**AVAILABLE DATA**
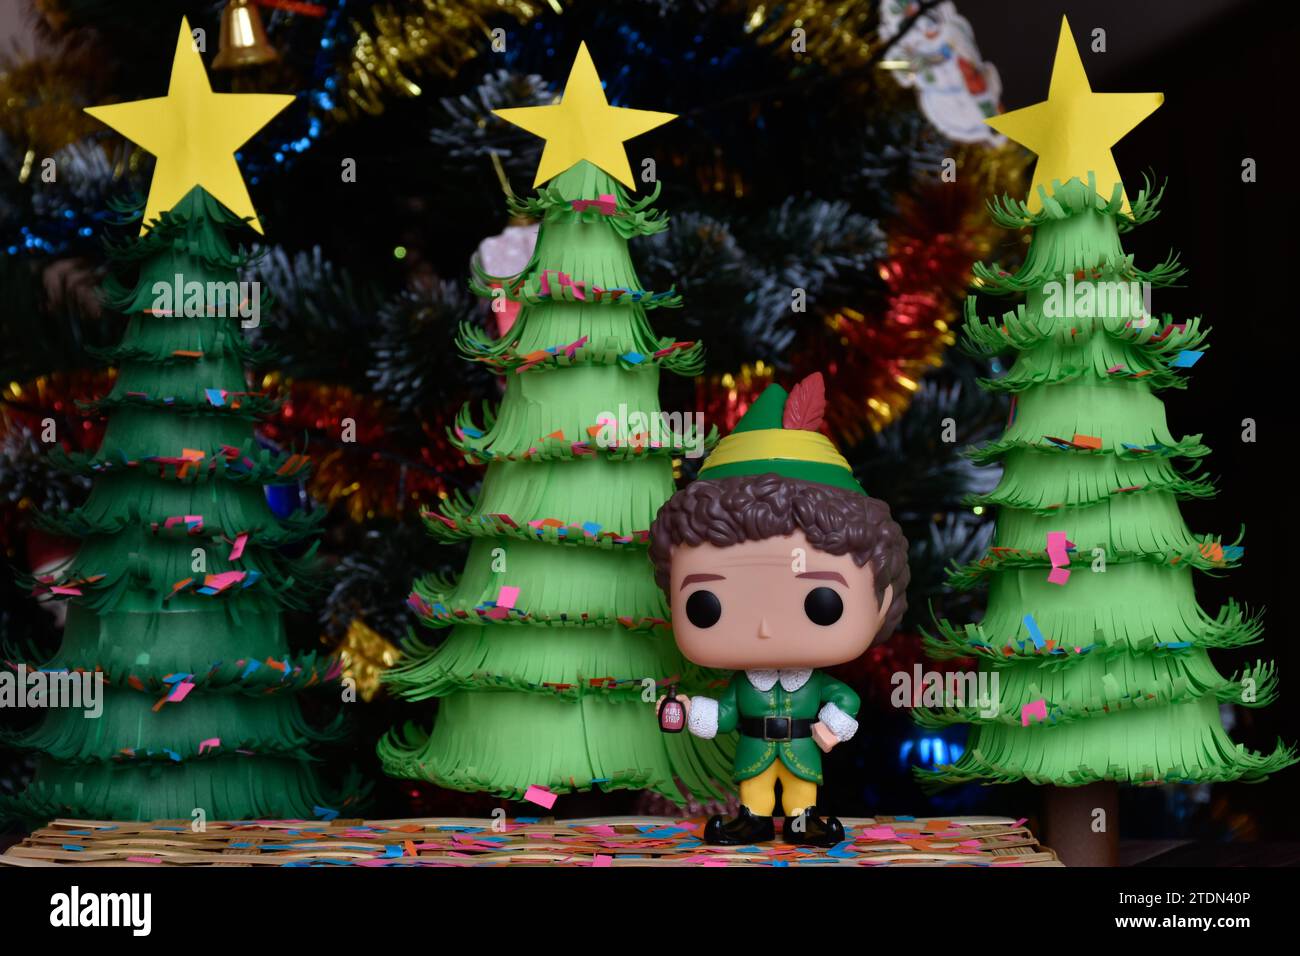 Funko Pop Actionfigur von Buddy aus dem Familienkomödie Elf. Weihnachtsbäume aus handgefertigtem Papier, Ornamente, Konfetti, Girlande, festliche Einrichtung. Stockfoto
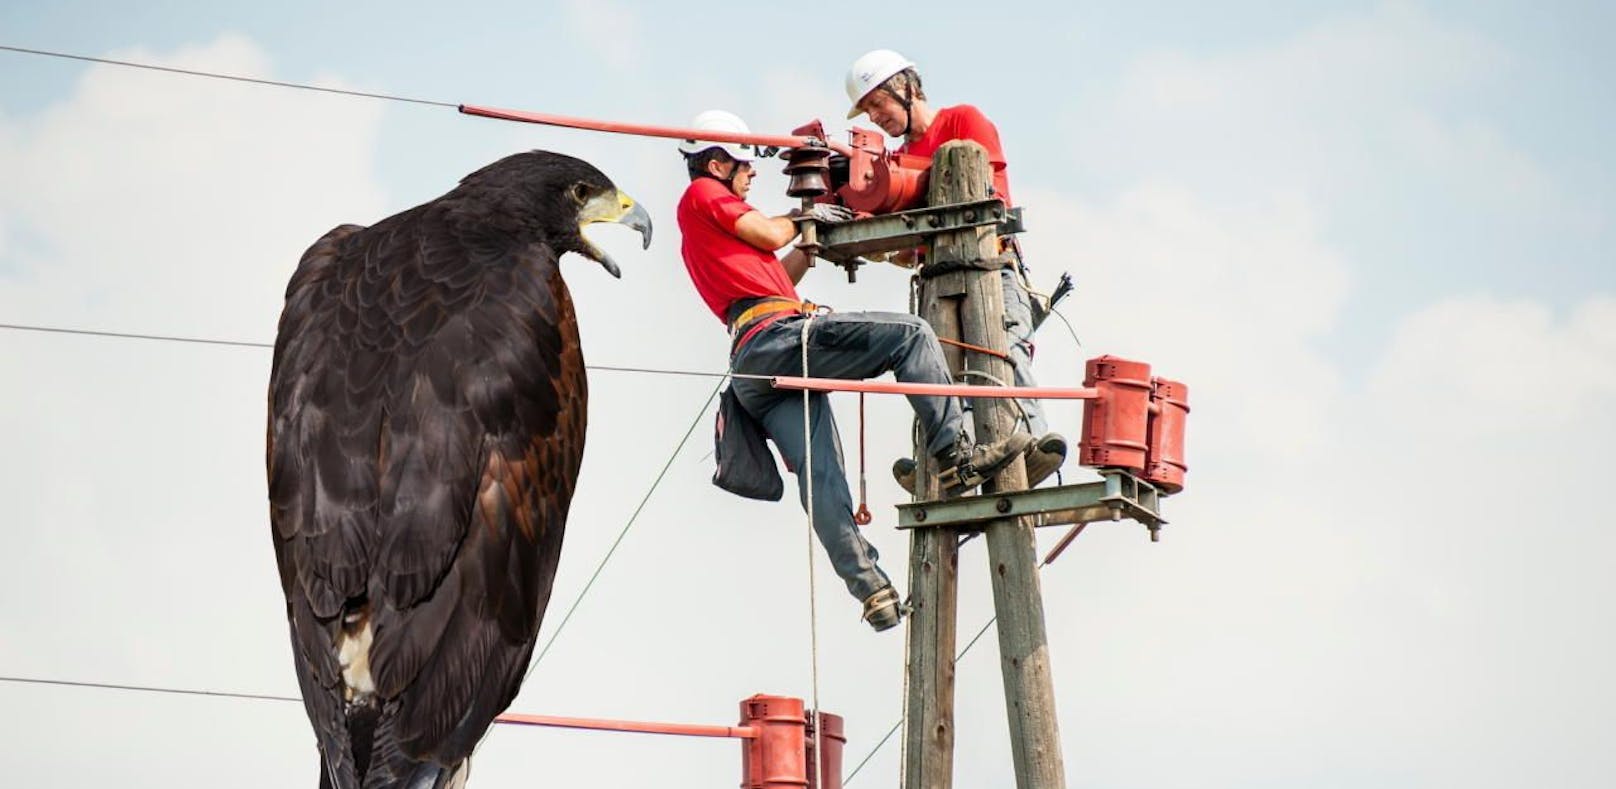 Künftig sollen in NÖ keine Adler mehr von Strommasten gegrillt werden.
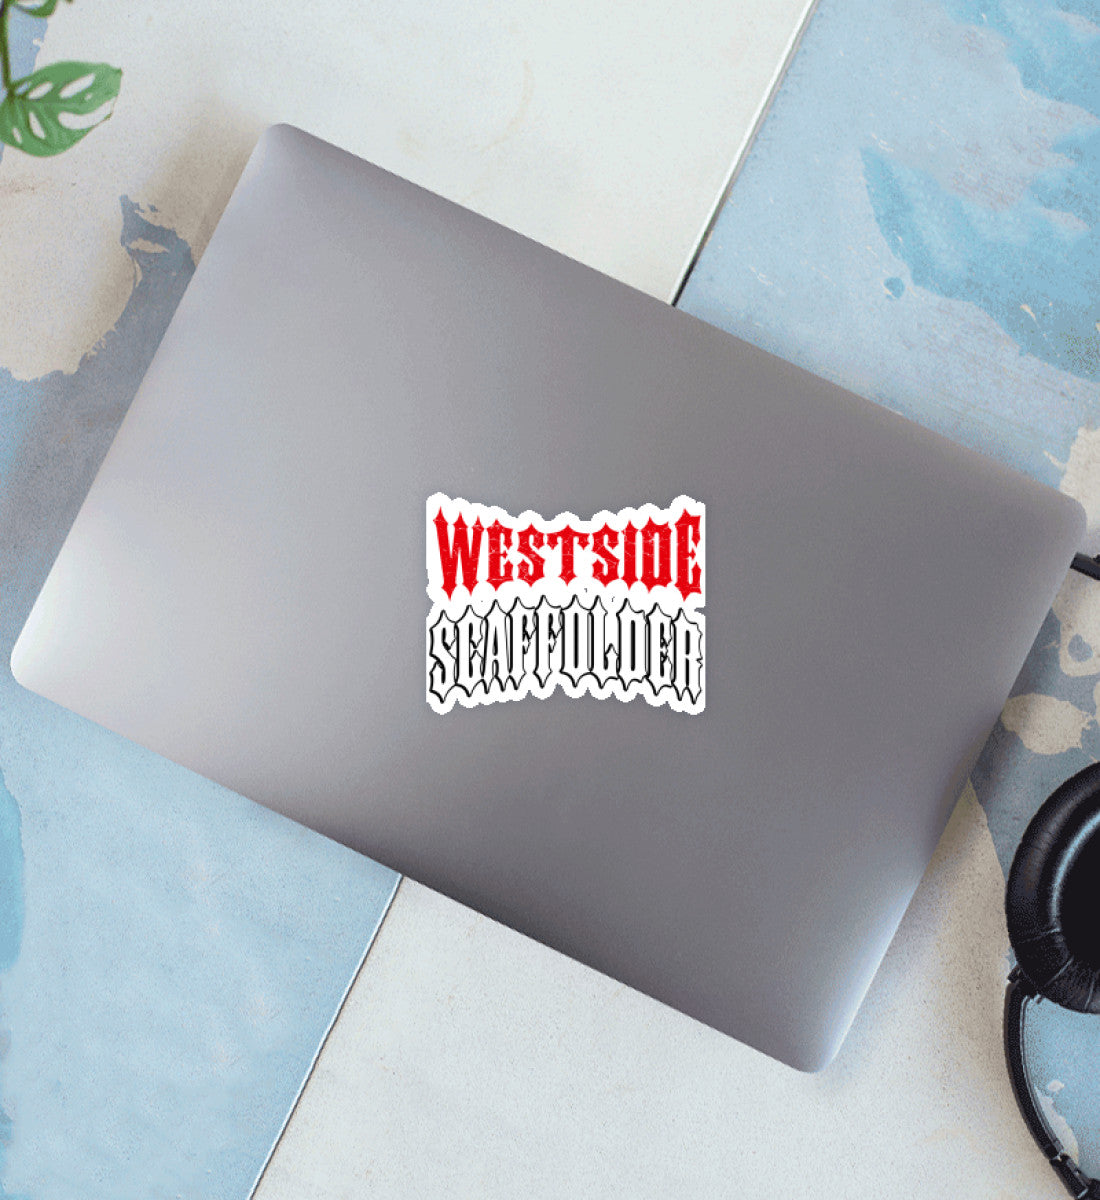 Westside Scaffolder  - Sticker €4.95 Gerüstbauer - Shop >>
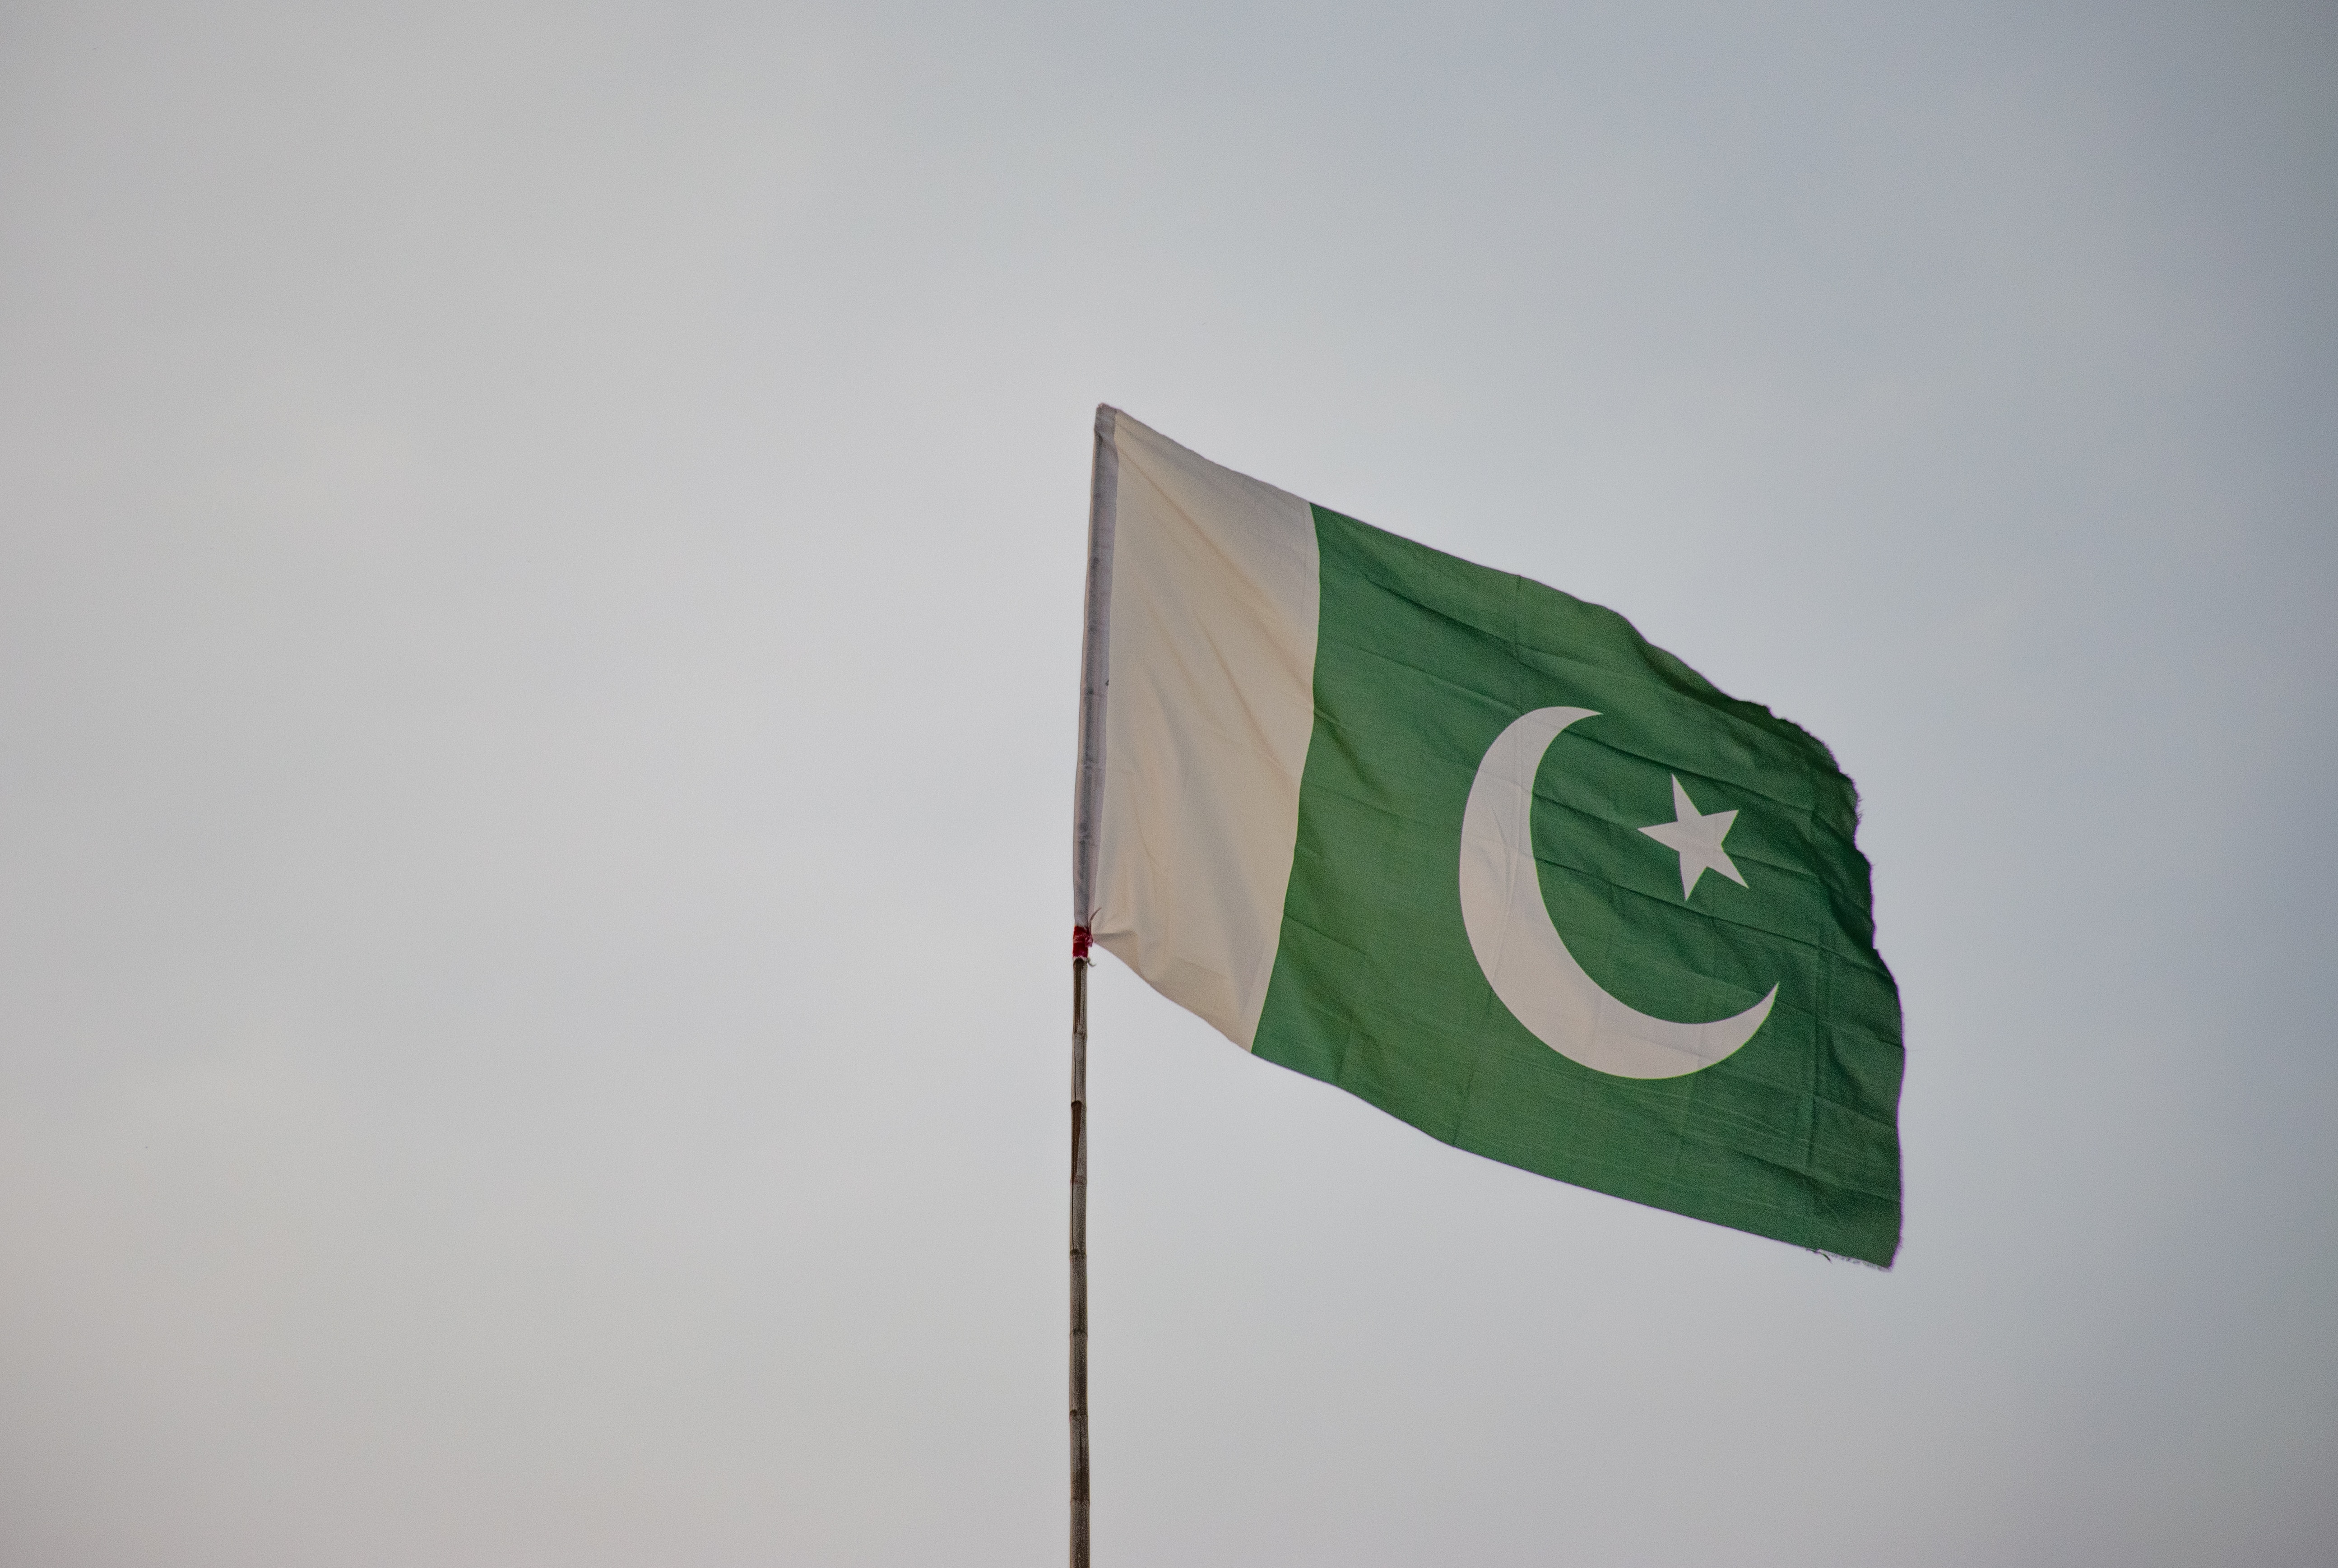 Φρικτός θάνατος για θρησκευτικό ηγέτη στο Πακιστάν – Σοκαριστικό βίντεο

**TASK ITEM**
Reproduce the listing exactly, but keep its images out of the copy.

**OUTPUT**
 Funko Pop Actionfigur von Buddy aus dem Familienkomödie Elf. Weihnachtsbäume aus handgefertigtem Papier, Ornamente, Konfetti, Girlande, festliche Einrichtung. Stockfoto
 Künftig sollen in NÖ keine Adler mehr von Strommasten gegrillt werden.
 Westside Scaffolder  - Sticker €4.95 Gerüstbauer - Shop >>
 Φρικτός θάνατος για θρησκευτικό ηγέτη στο Πακιστάν – Σοκαριστικό βίντεο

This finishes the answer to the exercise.